- Developer: CyberConnect2
- Publisher: Bandai Namco Entertainment
- Director: Akihiro Anai
- Producers: Taichiro Miyazaki; Yuki Nishikawa; Ryosuke Hara;
- Writers: Yasuhiro Noguchi; Shinsaku Sawamura;
- Composers: Yasushi Asada; Noriko Murakami; Keisuke Ito; Eisei Kudo;
- Series: Dragon Ball
- Engine: Unreal Engine 4
- Platforms: PlayStation 4; Xbox One; Windows; Nintendo Switch; Stadia; PlayStation 5; Xbox Series X/S;
- Release: January 16, 2020 PS4, Xbox OneJP: January 16, 2020; WW: January 17, 2020; WindowsWW: January 17, 2020; JP: May 23, 2024; Nintendo SwitchWW: September 24, 2021; StadiaWW: October 26, 2021; PlayStation 5JP: January 12, 2023; WW: January 13, 2023; Xbox Series X/SWW: February 3, 2023; ;
- Genres: Action role-playing, fighting
- Mode: Single-player

= Dragon Ball Z: Kakarot =

2020 video game

Dragon Ball Z: Kakarot (ドラゴンボールZ カカロット, Doragon Bōru Zetto Kakarotto) is an action role-playing game developed by CyberConnect2 and published by Bandai Namco Entertainment, based on the Dragon Ball franchise. It was released for PlayStation 4, Xbox One and Windows in January 2020, Nintendo Switch in September 2021, Stadia in October 2021, PlayStation 5 in January 2023, and Xbox Series X/S in February 2023. The game follows the main protagonist Goku and the Z-Fighters throughout the events of the Dragon Ball Z anime series, including anime-original storylines and moments.

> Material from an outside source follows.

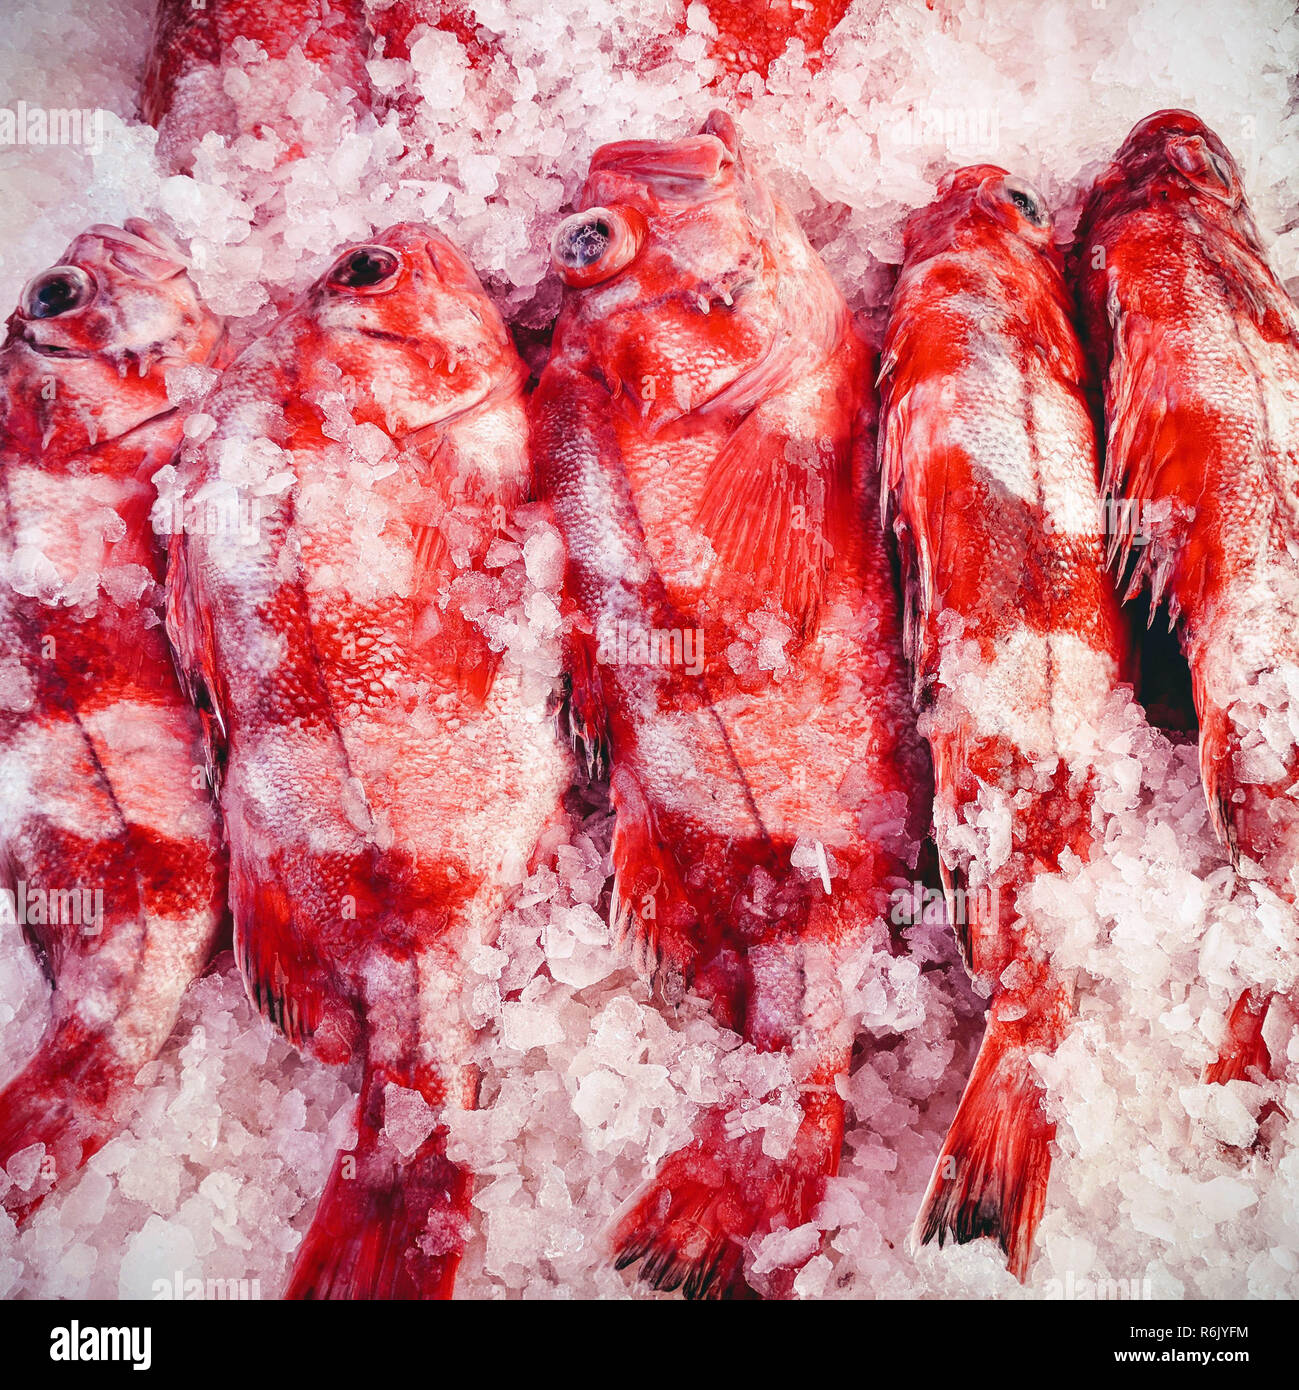 Redbanded pesce (Sebastes babcocki) su ghiaccio per la vendita su una barca presso il Fisherman's docks in Steveston, Richmond, British Columbia Foto Stock

The game received mixed reviews upon release. The game has sold over 8 million copies worldwide as of July 2024. By January 12, 2026, the game had sold 10 million copies.

== Gameplay==
Kakarot is primarily an action role-playing game with fighting game elements. The player can battle opponents and do activities like fishing, collecting Z orbs, eating, driving in a hover car, training, and putting characters in soul emblems. The game's plot follows the progression of the anime series, as the player interacts with the surrounding world as the different playable characters. Players can explore the world and complete side quests to progress the story. The game is broken up into four storylines: the Saiyan Saga, the Frieza Saga, the Cell Saga, and the Buu Saga. Bonus storylines can be purchased as downloadable content, covering parts of Dragon Ball Super, Dragon Ball Daima, the original Dragon Ball, and two television specials.

There are seven playable characters in the base game that the player will guide throughout the story. These include Goku, Vegeta, Gohan, Piccolo, Future Trunks, Gotenks, and Vegito. As the player progresses through the game, they will unlock new characters to play.

The player is also able to select two supporting characters to aid in battles. These include all playable characters, along with Krillin, Yamcha, Tien Shinhan, Chiaotzu, Android 18, Goten, and Kid Trunks.

The bosses that appear in-game include Raditz, Nappa, Vegeta, Cui, Dodoria, Zarbon, the Ginyu Force, Frieza, Android 19, Android 20, Android 18, Android 17, Cell, Cell Jr., Pui Pui, Yakon, Dabura, Majin Vegeta, Majin Buu, Super Buu, Kid Buu, Beerus, and Mira. Bonyū (ボニュー), an original character designed by Dragon Ball creator Akira Toriyama for the game, also appears as a boss.

==Development==
The game was announced in January 2019 via a trailer during Dragon Ball FighterZ World Tour Finals under the working title Dragon Ball Game: Project Z. Described as an action role-playing game, the game was said to be in development by CyberConnect2, known for their work on Asura's Wrath and Naruto Ultimate Ninja series, for PlayStation 4, Xbox One, and PC through Steam. Although initially targeting 2019 release, the final title, Dragon Ball Z: Kakarot, and the early 2020 release window were announced during Microsoft's 2019 E3 conference.

The game was released for PlayStation 4 and Xbox One consoles in Japan on January 16, and for all platforms in the west one day later on January 17, 2020. The Nintendo Switch version of the game was announced in June 2021, and released on September 24, 2021. It includes the base game and "A New Power Awakens" DLC. Versions for PlayStation 5 and Xbox Series X/S were announced in September 2022, set to launch in 2023. While the former saw a release on January 12 in Japan, and January 13 worldwide, the launch of Xbox Series X/S upgrade and its coinciding DLC was postponed to February 3 due to a game-breaking technical issue where the save data from the Xbox One version would not readily work with the Series X|S version without converting it from the original version.

===Downloadable content===
A downloadable content (DLC) season pass launched alongside the game in January 2020. In addition to a "Steaming-Hot Grilled Fish cooking item", the pass gradually added new modes and storylines over the course of the following year.

The first DLC for the game, titled A New Power Awakens - Part 1, was released on April 28, 2020. The DLC introduces transformations and characters seen in Dragon Ball Z: Battle of Gods.

A update was released on the October 27, 2020, which added Dragon Ball Card Warriors, a card battle mode with online multiplayer support. Service for the mode was ended in 2023, with an offline version releasing following the server shut down.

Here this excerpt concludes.